• Action item: Output the whole listing exactly, with no pictures.

• Recorded information:
• • • •
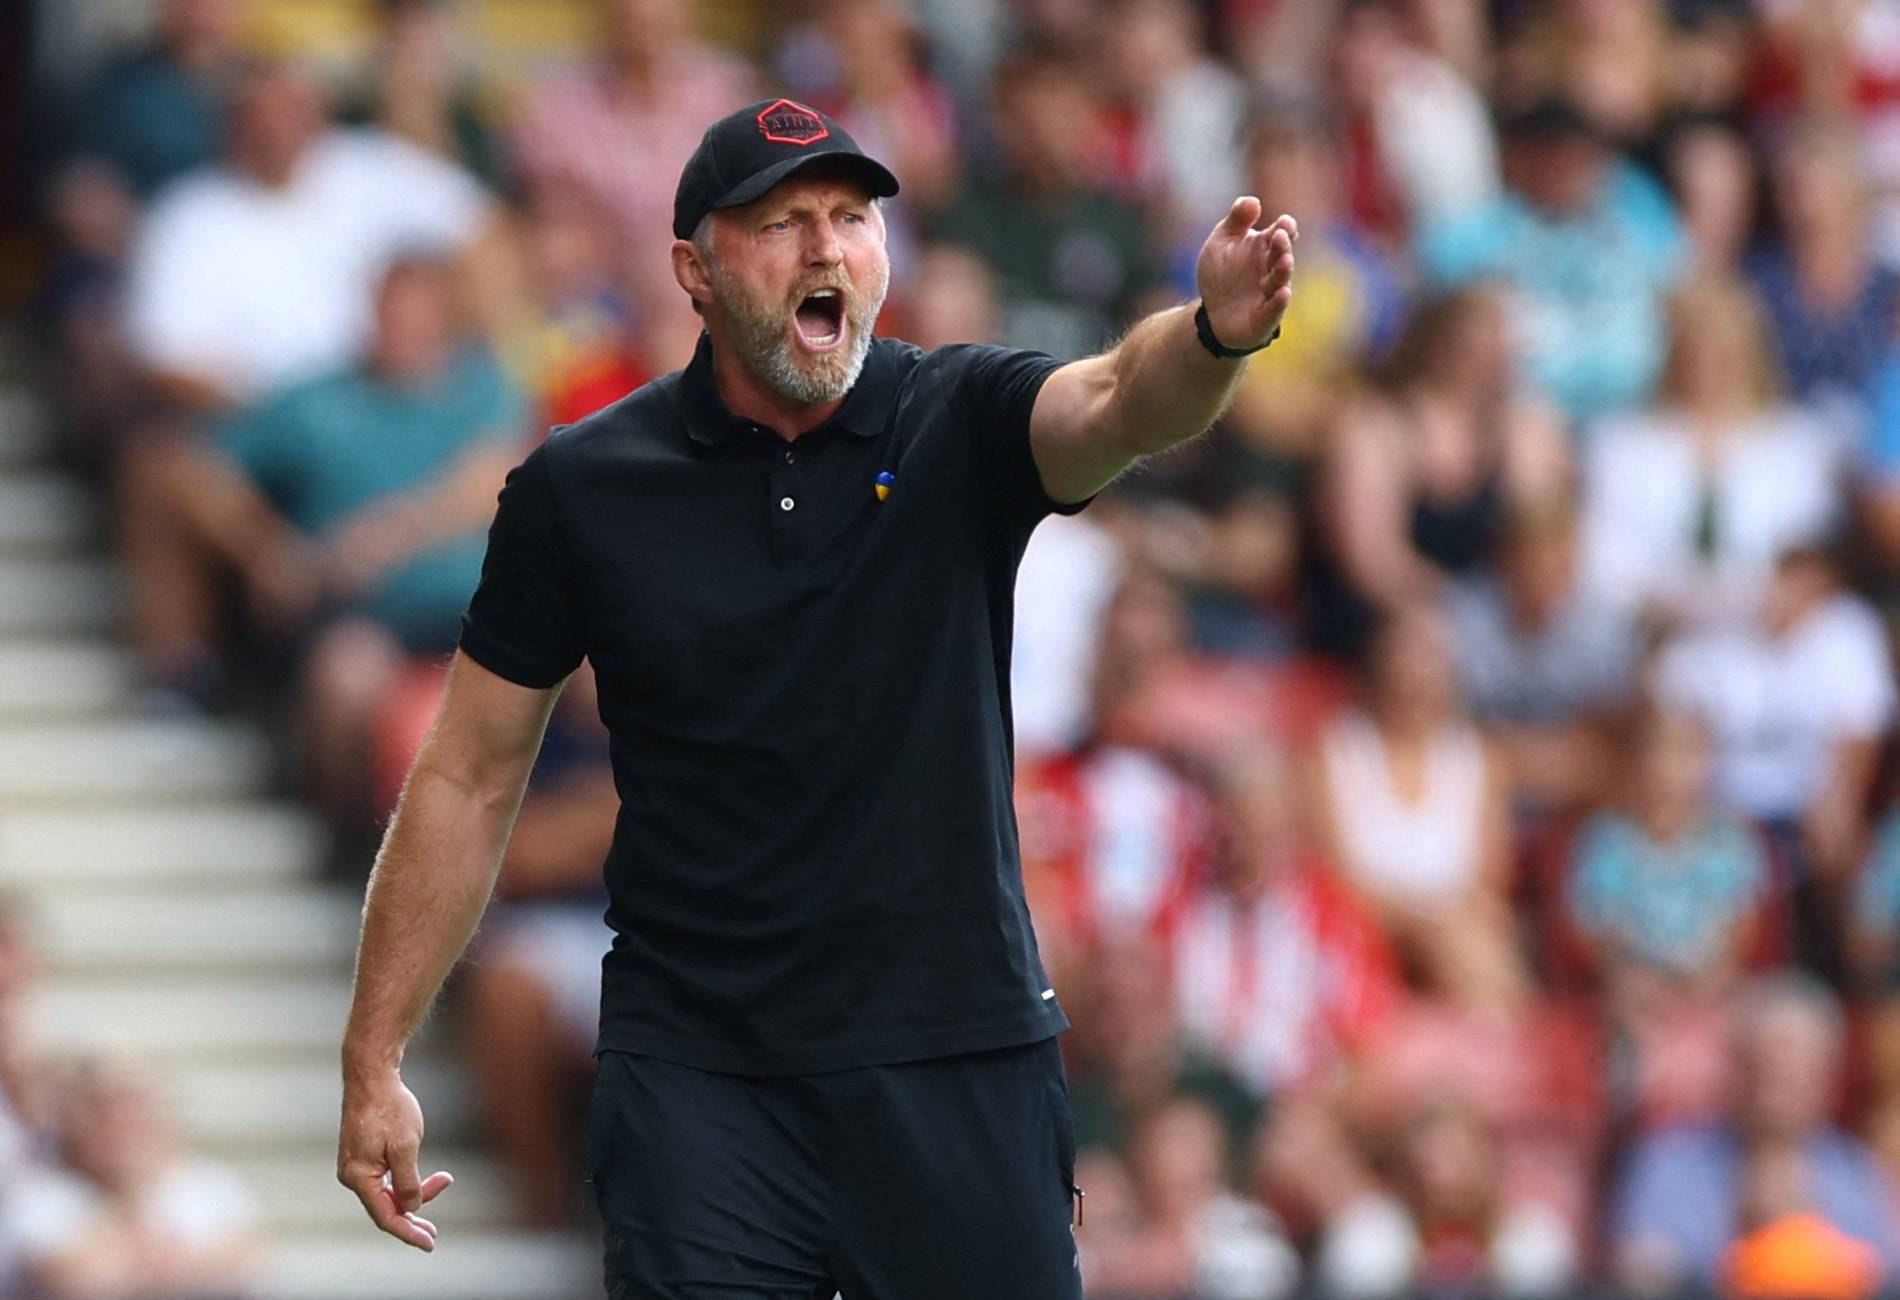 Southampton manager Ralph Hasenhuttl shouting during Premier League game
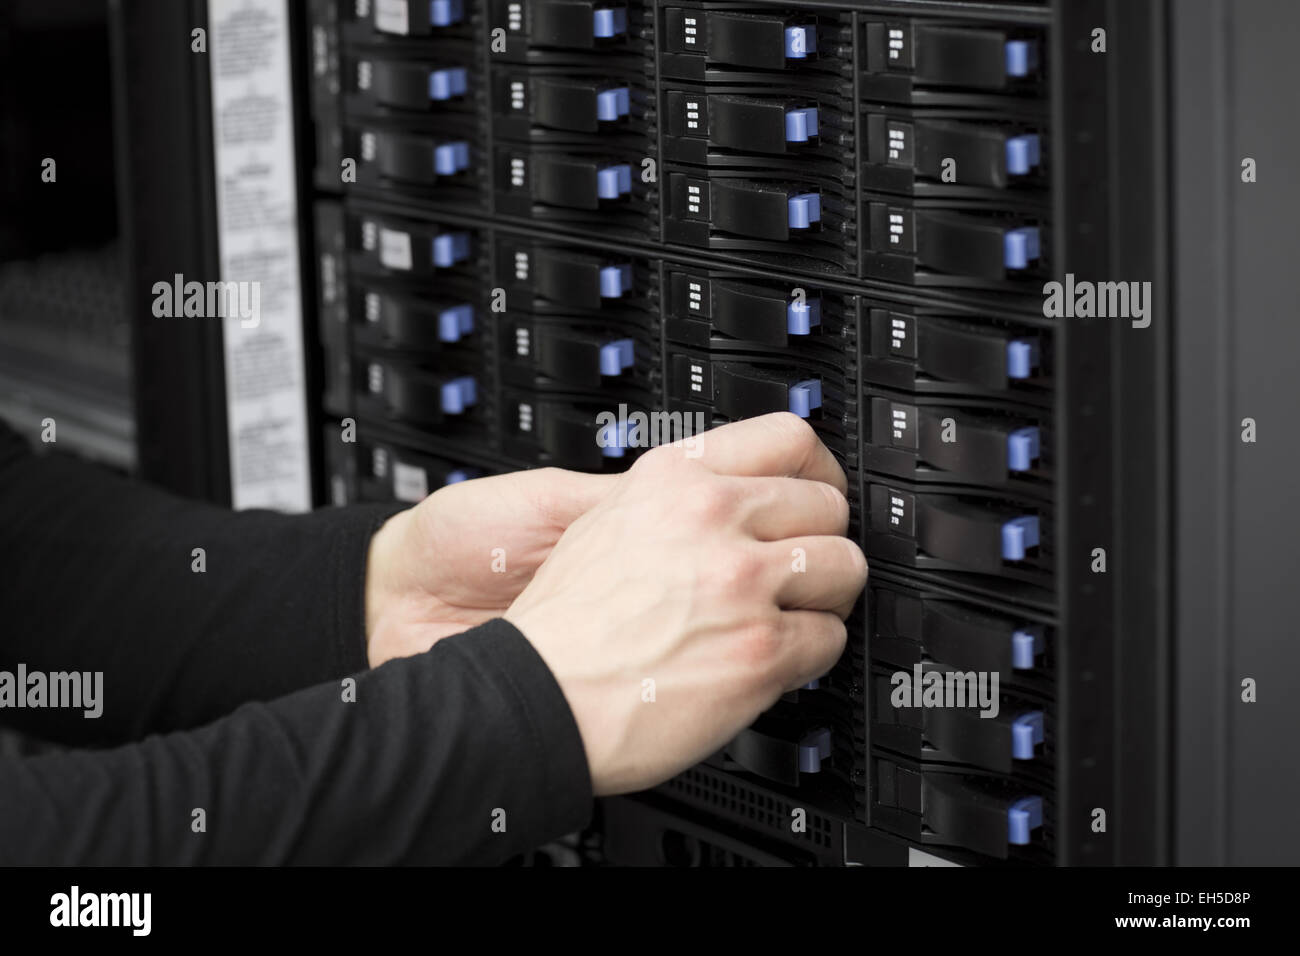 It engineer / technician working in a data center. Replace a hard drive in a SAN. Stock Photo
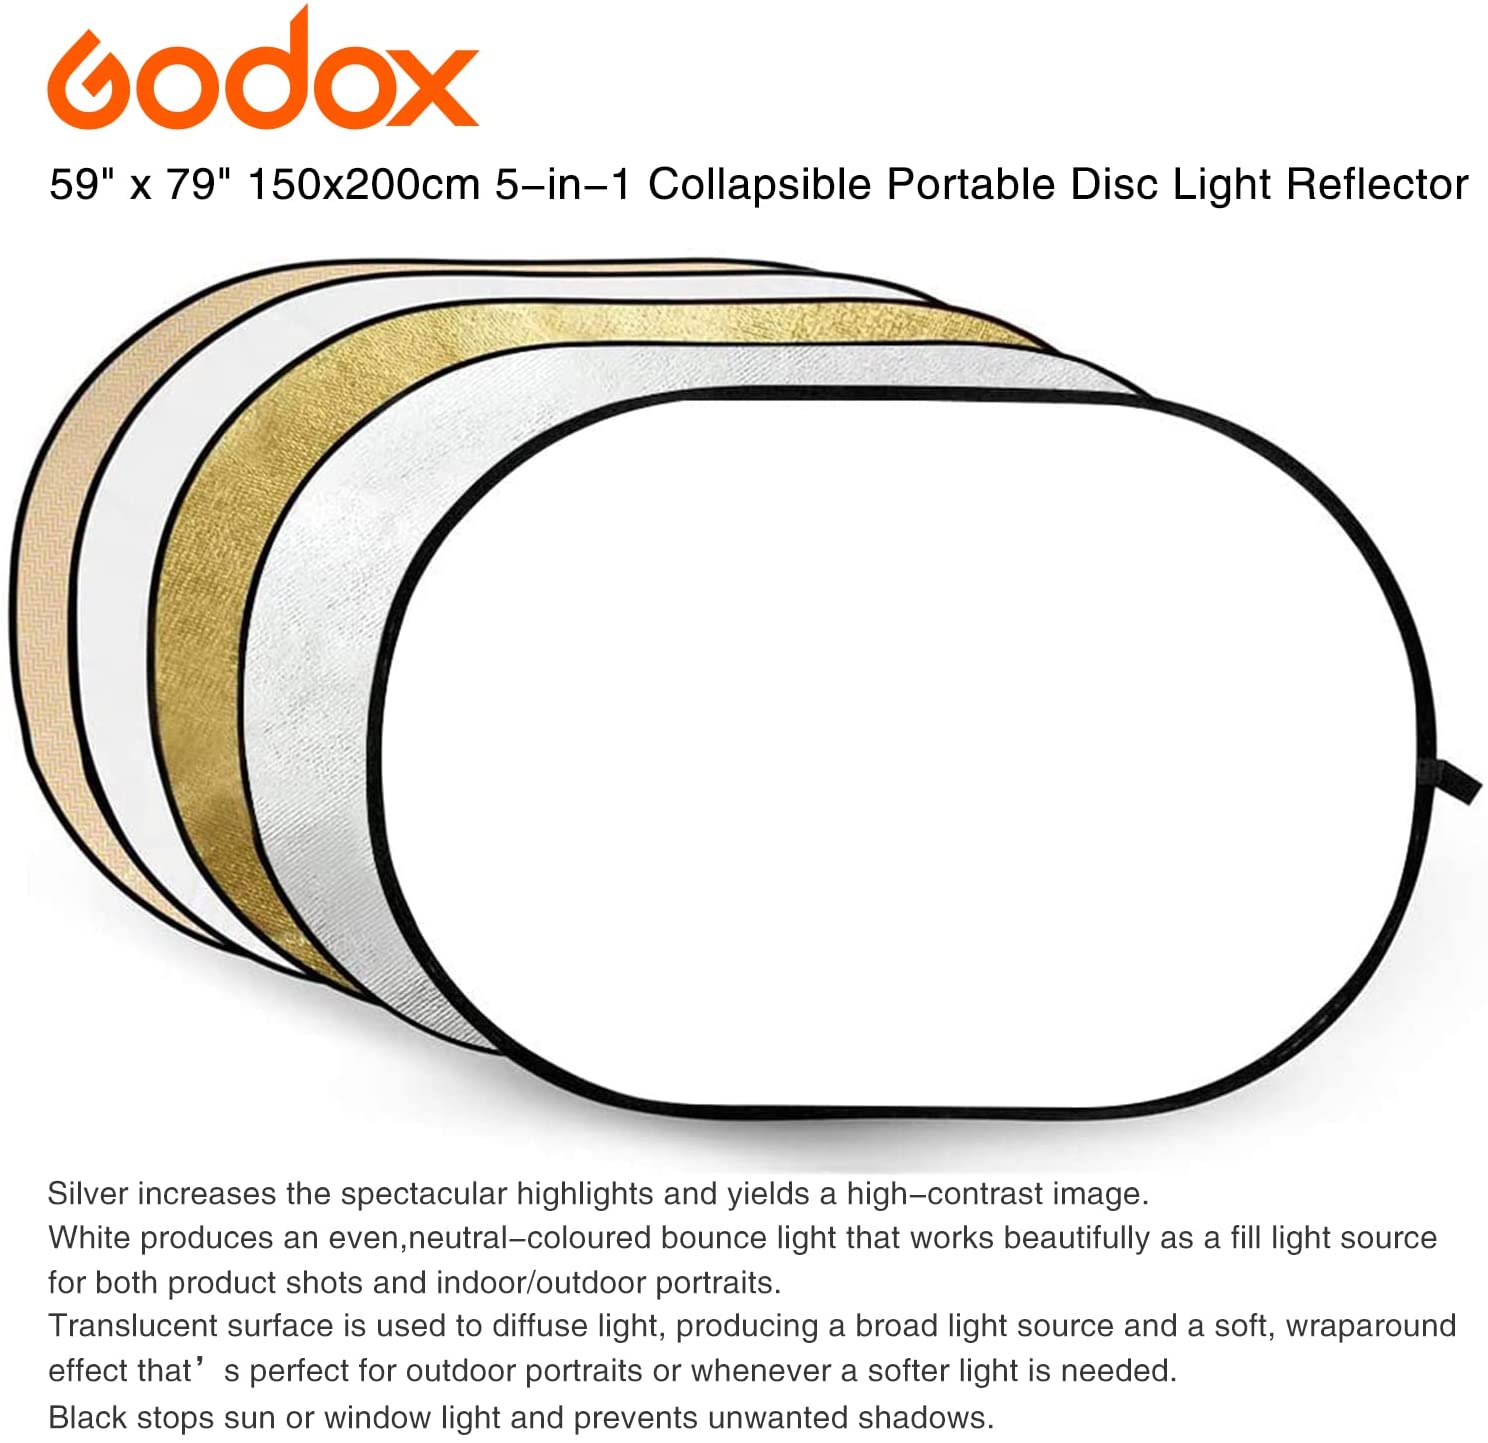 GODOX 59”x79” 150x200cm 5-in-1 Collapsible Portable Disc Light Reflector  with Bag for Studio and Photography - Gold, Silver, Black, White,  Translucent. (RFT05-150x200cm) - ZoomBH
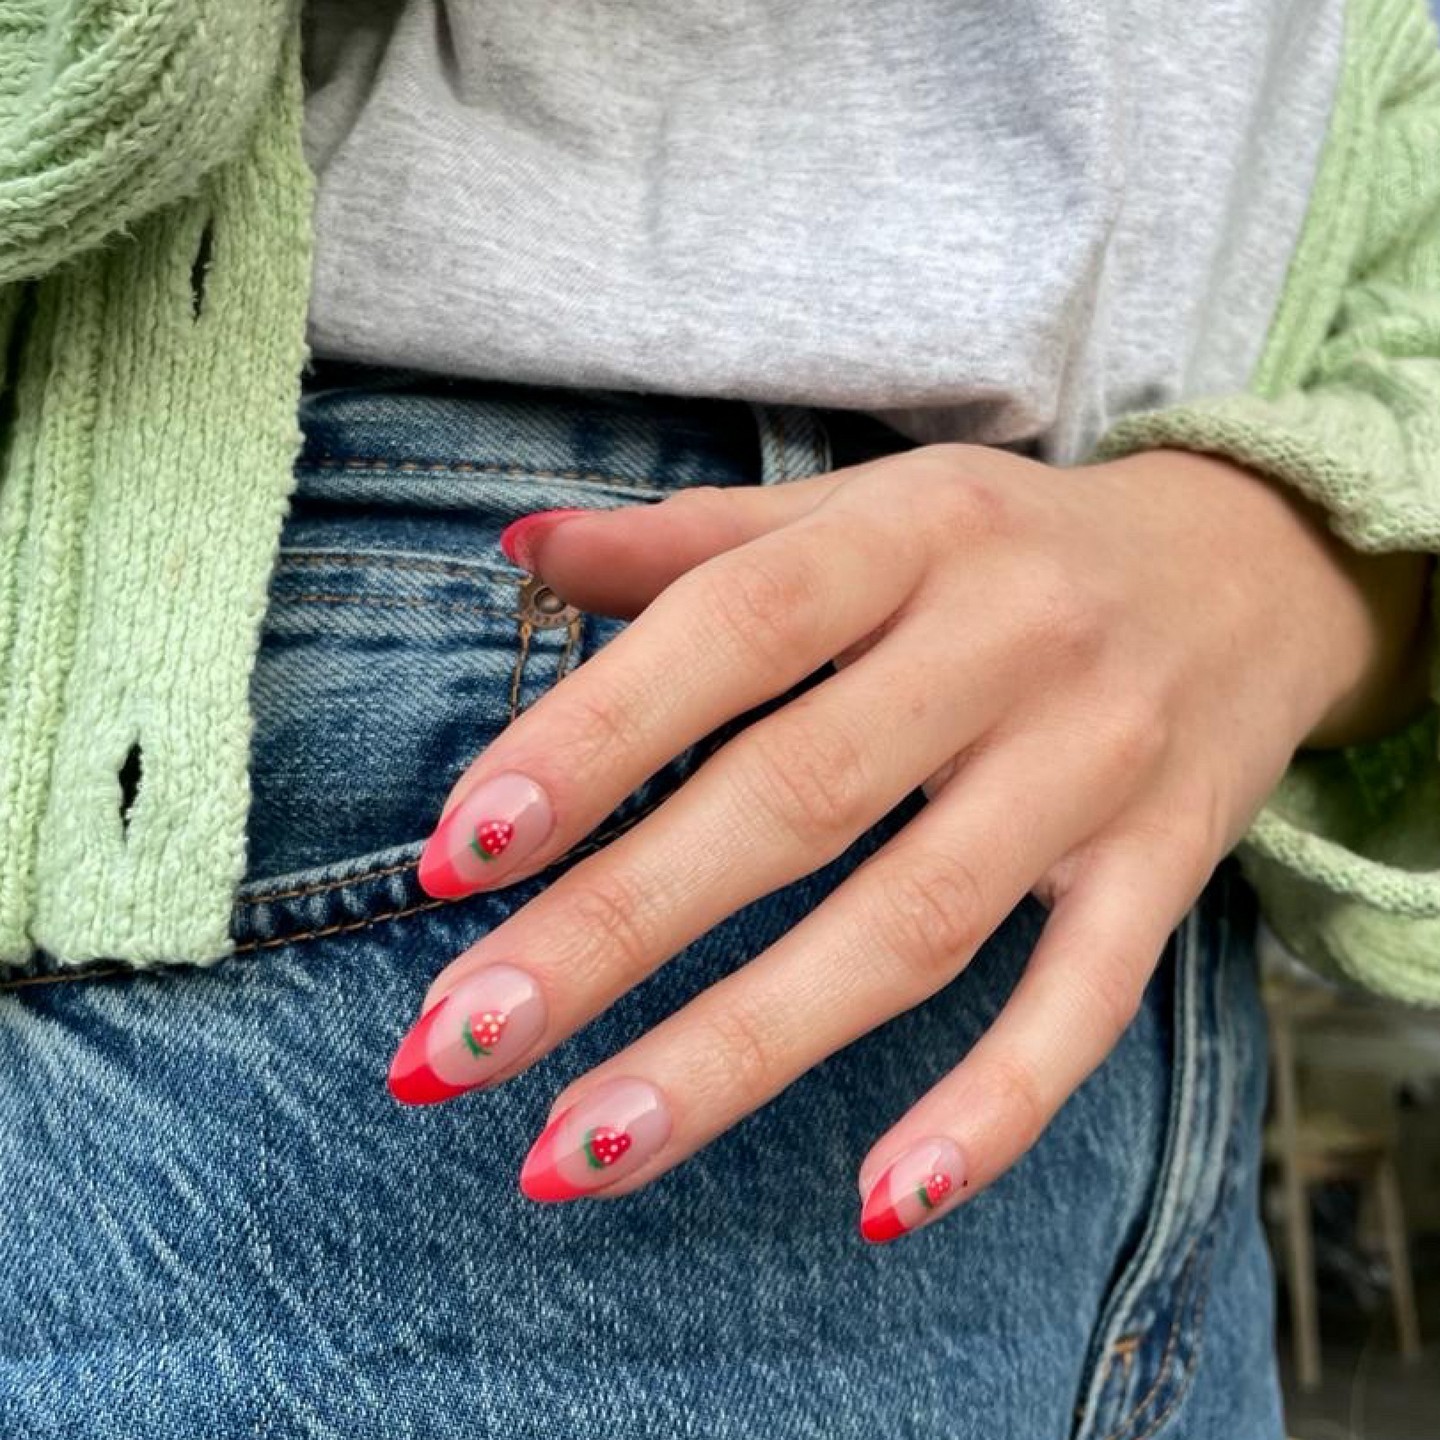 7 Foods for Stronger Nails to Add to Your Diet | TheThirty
• • • •
• Final answer:
 Southampton manager Ralph Hasenhuttl shouting during Premier League game
 It engineer / technician working in a data center. Replace a hard drive in a SAN. Stock Photo
 GODOX 59”x79” 150x200cm 5-in-1 Collapsible Portable Disc Light Reflector  with Bag for Studio and Photography - Gold, Silver, Black, White,  Translucent. (RFT05-150x200cm) - ZoomBH
 7 Foods for Stronger Nails to Add to Your Diet | TheThirty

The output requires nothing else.